To test whether the method of targeted insertion described above can be applied to other chromosomal locations, and to assess the frequency of insertion of the donor DNA, we performed an additional round of co-bombardment experiment at a different target site, Target C. In this experiment, we cultivated each callus separately to prevent clonal propagation. We generated a CRISPR plasmid pCam1300-CRISPR-C and a donor plasmid pAcc-C (Supplementary Fig. 9 and Supplementary Data 3) and delivered them to rice calli as described in Fig. 1c. We regenerated 16 independent T0 events transformed with the CRISPR plasmid and found that one event, T0 plant #6, carries the insertion of the carotenoid cassette at Target C (based on PCR genotyping and Sanger sequencing of the PCR products (Supplementary Fig. 10)). The insertion occurred through non-homologous end joining, similar to the insertion at Target B observed for T0 plant #48 (Fig. 2b). The overall insertion frequency is 1/16 (6.25%), which represents the number of plants with the on-target insertion of the cassette divided by the total number of transgenic T0 plants carrying the Cas9-gRNA module.

Discussion

Conventional plant genetic engineering methods rely on the insertion of genes encoding desirable agronomic traits at random positions in the genome.

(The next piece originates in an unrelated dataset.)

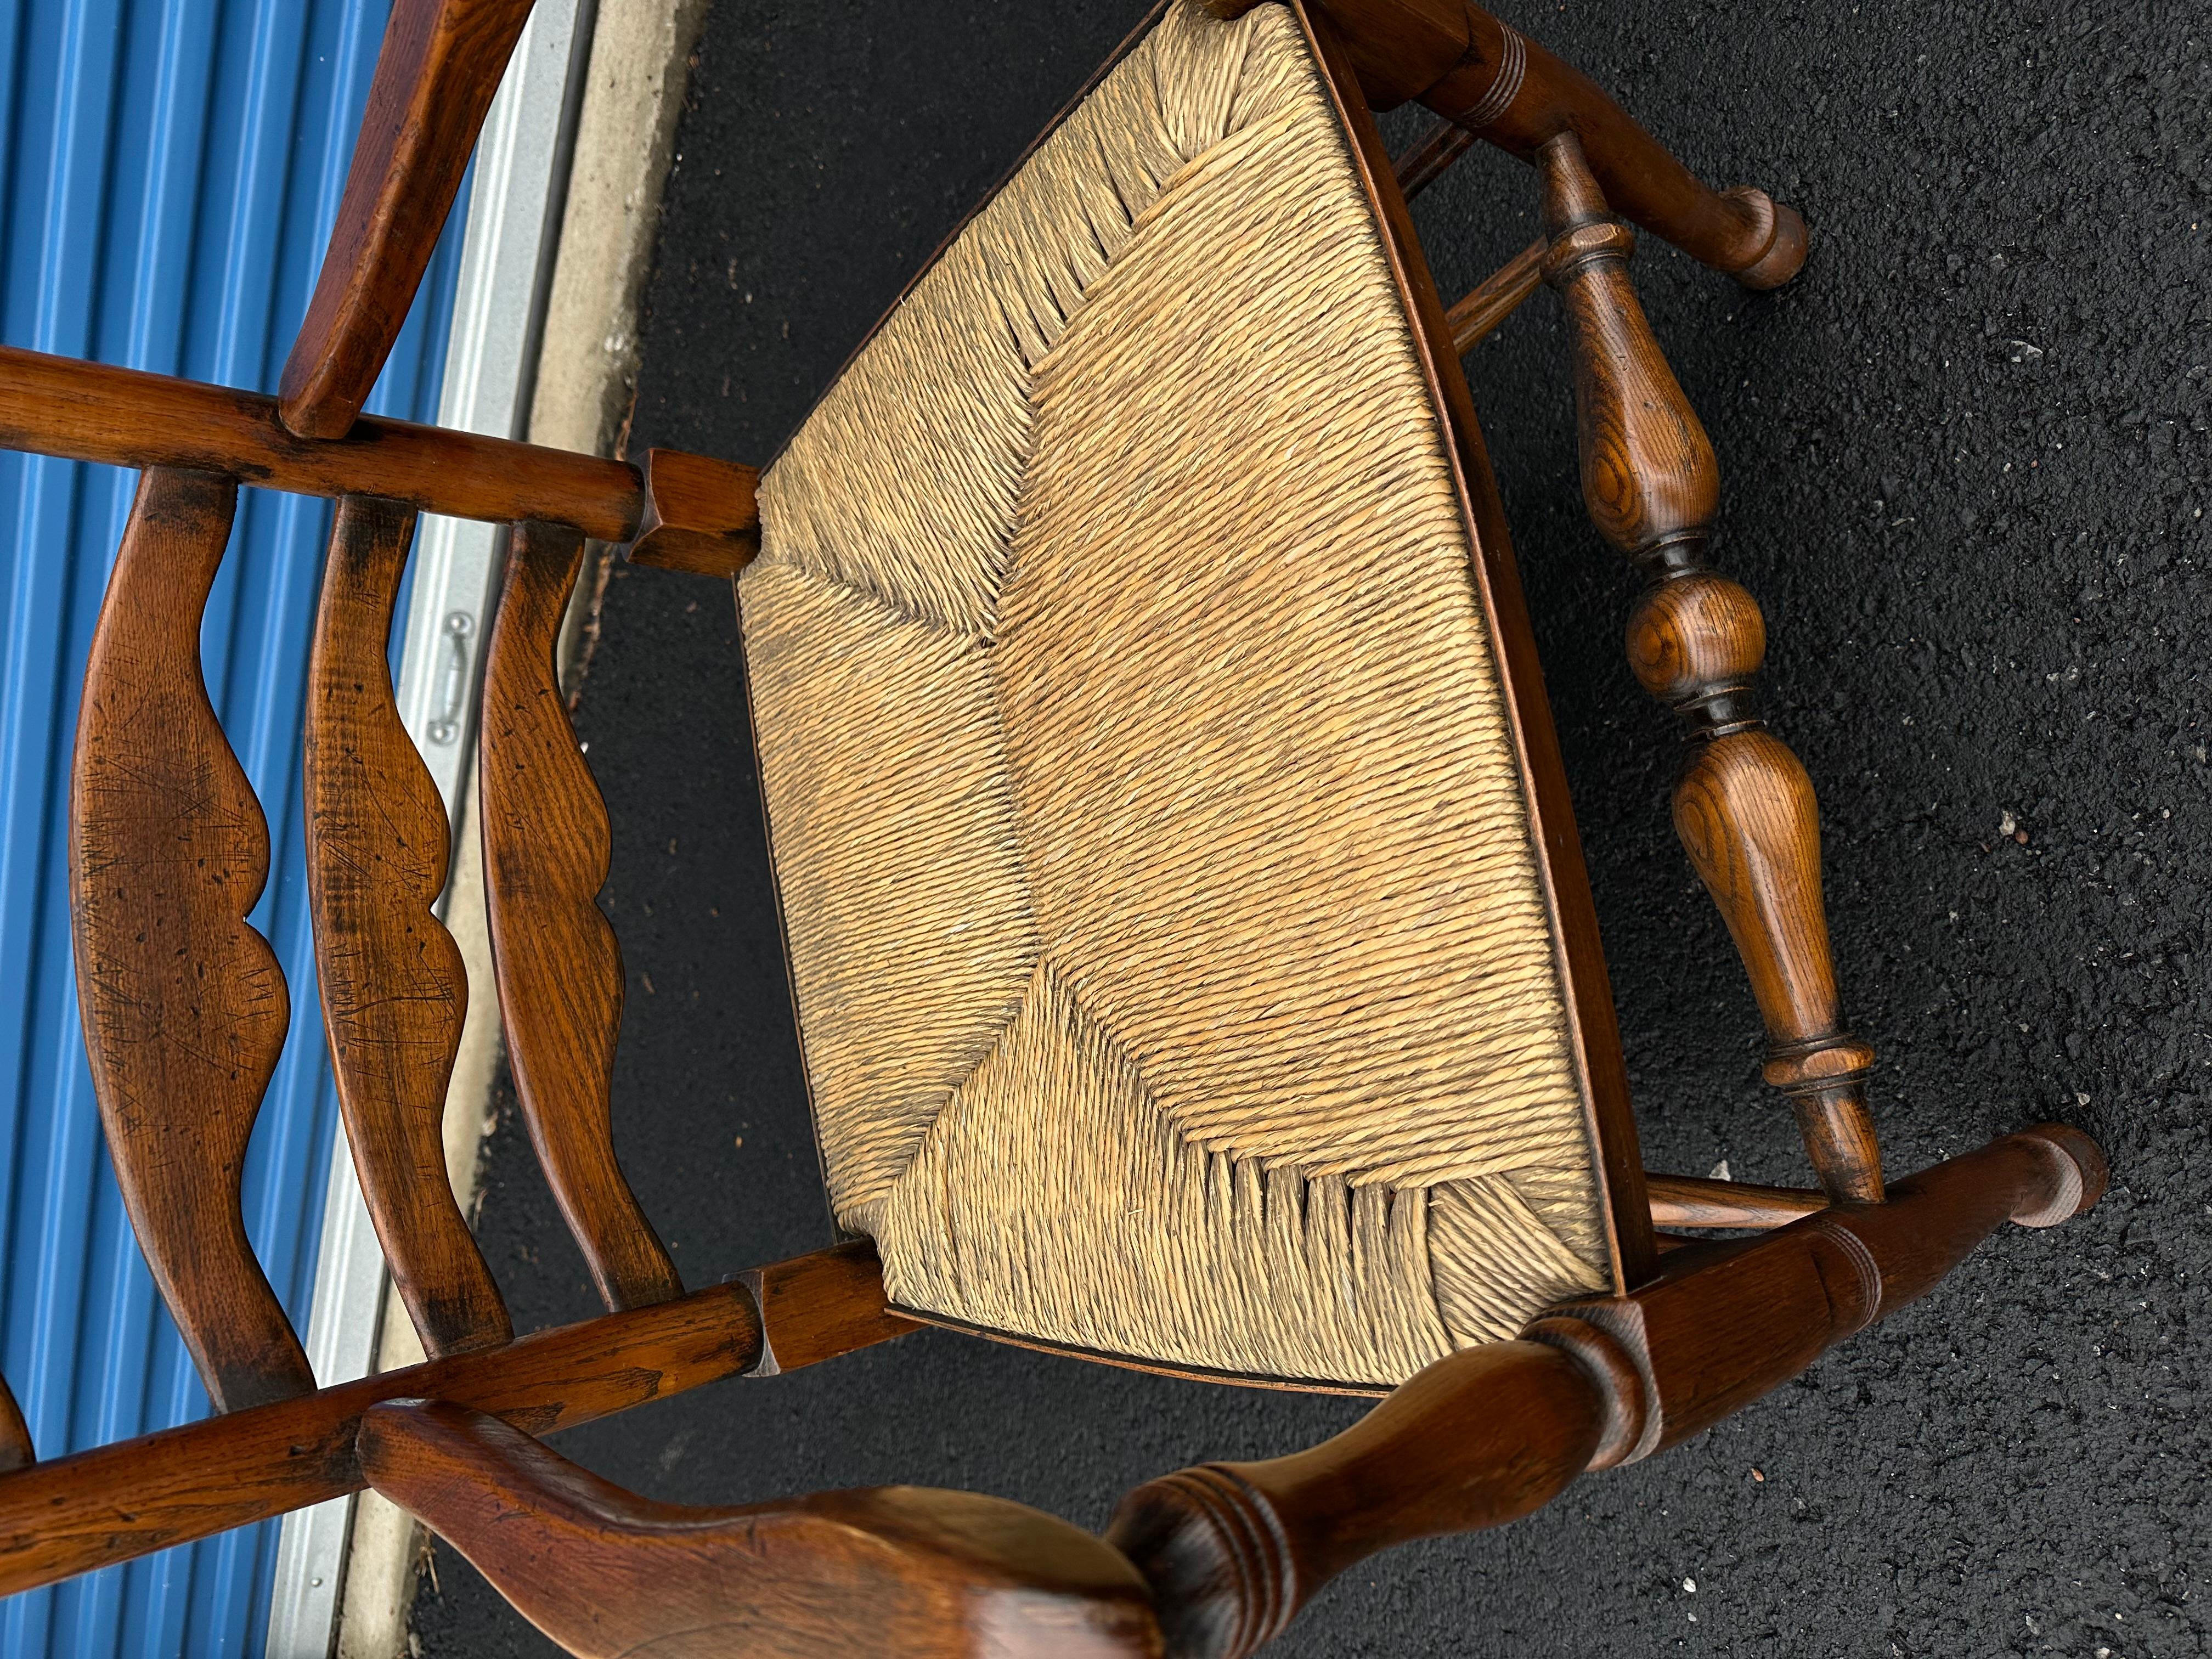 Dies ist ein schöner englischer Sessel! Das Gestell des Stuhls ist aus einem tief gefärbten Holz gefertigt, das im Laufe der Jahre eine hervorragende Patina entwickelt hat. Das Holz weist dunkle Töne auf, die mit helleren, honigfarbenen Akzenten

This approach can sometimes lead to decreased yields. For example, within GR2-R, one of the independently transformed GR2 events, the GR2 cassette was inserted in the first exon of OsAux1, which encodes an auxin transporter essential for plant growth49. Homozygous disruption of OsAux1 by the GR2 cassette in GR2-R causes severe developmental defects and a heavy penalty in yield49. Events like this may potentially be reduced with prior knowledge of GSHs within a given genome, and the availability of a reliable tool to insert desired genes at these sites. In this study, we demonstrate the feasibility of this strategy by performing targeted insertion of a carotenoid cassette (consisting of two transcription units) at two separate GSHs in rice. This approach could potentially be applied to any crop species with an established transformation protocol, thus offering a promising tool for plant research and for the genetic improvement of crop plants.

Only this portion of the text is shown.